_Task to carry out_
From the entries below, retype only the lines from the one with "Vor 185 Jahren: Inoffizieller" through the one with "Visualizar v. 4", exactly as written.

_Dataset items_
[Start of Attachment]

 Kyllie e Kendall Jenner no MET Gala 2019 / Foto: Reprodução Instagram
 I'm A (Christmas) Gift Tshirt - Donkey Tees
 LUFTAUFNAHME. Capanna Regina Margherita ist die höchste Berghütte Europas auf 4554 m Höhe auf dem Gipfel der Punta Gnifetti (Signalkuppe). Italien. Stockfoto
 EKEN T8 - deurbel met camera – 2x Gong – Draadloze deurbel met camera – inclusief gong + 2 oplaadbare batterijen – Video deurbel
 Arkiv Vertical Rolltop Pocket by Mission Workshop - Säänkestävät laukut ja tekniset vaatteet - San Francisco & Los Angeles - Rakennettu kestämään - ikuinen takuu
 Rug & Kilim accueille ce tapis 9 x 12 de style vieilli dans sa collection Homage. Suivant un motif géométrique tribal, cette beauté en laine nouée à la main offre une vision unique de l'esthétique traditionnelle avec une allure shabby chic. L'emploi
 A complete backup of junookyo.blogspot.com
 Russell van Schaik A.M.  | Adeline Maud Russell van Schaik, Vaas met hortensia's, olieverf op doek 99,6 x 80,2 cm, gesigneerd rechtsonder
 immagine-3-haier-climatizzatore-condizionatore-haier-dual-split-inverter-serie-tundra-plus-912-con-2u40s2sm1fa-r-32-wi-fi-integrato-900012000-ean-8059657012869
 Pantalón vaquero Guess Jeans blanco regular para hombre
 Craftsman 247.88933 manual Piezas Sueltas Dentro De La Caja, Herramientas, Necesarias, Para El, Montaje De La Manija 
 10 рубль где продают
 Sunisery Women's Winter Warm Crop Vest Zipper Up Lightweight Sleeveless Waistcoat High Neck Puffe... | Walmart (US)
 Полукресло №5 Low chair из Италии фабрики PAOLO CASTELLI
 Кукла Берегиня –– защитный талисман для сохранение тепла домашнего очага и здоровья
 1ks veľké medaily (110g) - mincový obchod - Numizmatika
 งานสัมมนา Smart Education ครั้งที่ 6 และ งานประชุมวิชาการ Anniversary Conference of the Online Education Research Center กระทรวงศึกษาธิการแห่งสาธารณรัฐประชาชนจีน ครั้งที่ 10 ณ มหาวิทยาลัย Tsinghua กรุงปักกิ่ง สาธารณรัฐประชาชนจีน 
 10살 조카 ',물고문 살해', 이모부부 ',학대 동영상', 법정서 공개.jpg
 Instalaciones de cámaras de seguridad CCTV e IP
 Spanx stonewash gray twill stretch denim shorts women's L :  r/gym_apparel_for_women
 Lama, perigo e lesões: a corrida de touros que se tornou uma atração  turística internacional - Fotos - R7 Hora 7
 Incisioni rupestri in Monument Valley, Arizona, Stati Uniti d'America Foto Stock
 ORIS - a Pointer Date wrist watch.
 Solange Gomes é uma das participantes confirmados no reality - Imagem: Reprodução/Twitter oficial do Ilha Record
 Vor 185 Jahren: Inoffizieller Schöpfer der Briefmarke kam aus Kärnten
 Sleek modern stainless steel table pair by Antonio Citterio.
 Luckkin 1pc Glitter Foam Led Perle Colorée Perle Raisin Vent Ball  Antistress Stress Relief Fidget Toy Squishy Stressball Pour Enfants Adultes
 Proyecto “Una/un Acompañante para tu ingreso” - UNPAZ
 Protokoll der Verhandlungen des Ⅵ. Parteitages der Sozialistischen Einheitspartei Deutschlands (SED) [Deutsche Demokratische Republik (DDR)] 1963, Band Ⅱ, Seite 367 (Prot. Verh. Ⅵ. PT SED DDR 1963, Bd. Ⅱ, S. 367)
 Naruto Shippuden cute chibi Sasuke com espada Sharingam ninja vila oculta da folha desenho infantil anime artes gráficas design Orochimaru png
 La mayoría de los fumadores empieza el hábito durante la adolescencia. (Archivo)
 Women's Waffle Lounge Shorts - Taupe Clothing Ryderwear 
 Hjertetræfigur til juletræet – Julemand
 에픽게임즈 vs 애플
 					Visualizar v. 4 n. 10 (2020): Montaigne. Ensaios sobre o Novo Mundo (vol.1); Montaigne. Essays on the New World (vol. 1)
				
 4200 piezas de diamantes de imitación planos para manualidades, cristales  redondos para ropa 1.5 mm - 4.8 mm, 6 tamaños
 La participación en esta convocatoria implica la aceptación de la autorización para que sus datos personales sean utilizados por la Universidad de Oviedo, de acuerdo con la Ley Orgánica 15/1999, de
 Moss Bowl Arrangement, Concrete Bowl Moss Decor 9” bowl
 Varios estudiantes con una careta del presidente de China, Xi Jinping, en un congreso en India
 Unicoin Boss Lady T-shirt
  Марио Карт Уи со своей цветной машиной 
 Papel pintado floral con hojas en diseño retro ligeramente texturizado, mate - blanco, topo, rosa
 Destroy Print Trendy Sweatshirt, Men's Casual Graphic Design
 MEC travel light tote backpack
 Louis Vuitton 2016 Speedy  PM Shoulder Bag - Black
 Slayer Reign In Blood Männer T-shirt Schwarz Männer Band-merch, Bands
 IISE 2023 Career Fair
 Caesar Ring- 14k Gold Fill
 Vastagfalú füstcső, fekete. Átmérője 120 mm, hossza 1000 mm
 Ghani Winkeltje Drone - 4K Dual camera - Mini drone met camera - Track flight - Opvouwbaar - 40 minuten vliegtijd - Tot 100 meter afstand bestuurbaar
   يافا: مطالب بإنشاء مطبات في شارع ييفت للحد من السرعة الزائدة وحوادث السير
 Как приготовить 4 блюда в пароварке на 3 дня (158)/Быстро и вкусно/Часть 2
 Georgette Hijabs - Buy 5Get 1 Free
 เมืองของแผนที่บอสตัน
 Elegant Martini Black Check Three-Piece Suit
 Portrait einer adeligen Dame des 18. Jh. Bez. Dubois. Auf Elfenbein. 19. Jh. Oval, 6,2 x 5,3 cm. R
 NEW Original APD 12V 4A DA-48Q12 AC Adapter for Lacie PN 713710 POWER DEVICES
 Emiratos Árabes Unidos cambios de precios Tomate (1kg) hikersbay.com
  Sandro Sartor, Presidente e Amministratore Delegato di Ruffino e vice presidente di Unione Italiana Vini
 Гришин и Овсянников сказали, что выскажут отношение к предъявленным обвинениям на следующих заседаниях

[End of Attachment]

_Output below_
 Vor 185 Jahren: Inoffizieller Schöpfer der Briefmarke kam aus Kärnten
 Sleek modern stainless steel table pair by Antonio Citterio.
 Luckkin 1pc Glitter Foam Led Perle Colorée Perle Raisin Vent Ball  Antistress Stress Relief Fidget Toy Squishy Stressball Pour Enfants Adultes
 Proyecto “Una/un Acompañante para tu ingreso” - UNPAZ
 Protokoll der Verhandlungen des Ⅵ. Parteitages der Sozialistischen Einheitspartei Deutschlands (SED) [Deutsche Demokratische Republik (DDR)] 1963, Band Ⅱ, Seite 367 (Prot. Verh. Ⅵ. PT SED DDR 1963, Bd. Ⅱ, S. 367)
 Naruto Shippuden cute chibi Sasuke com espada Sharingam ninja vila oculta da folha desenho infantil anime artes gráficas design Orochimaru png
 La mayoría de los fumadores empieza el hábito durante la adolescencia. (Archivo)
 Women's Waffle Lounge Shorts - Taupe Clothing Ryderwear 
 Hjertetræfigur til juletræet – Julemand
 에픽게임즈 vs 애플
 					Visualizar v. 4 n. 10 (2020): Montaigne. Ensaios sobre o Novo Mundo (vol.1); Montaigne. Essays on the New World (vol. 1)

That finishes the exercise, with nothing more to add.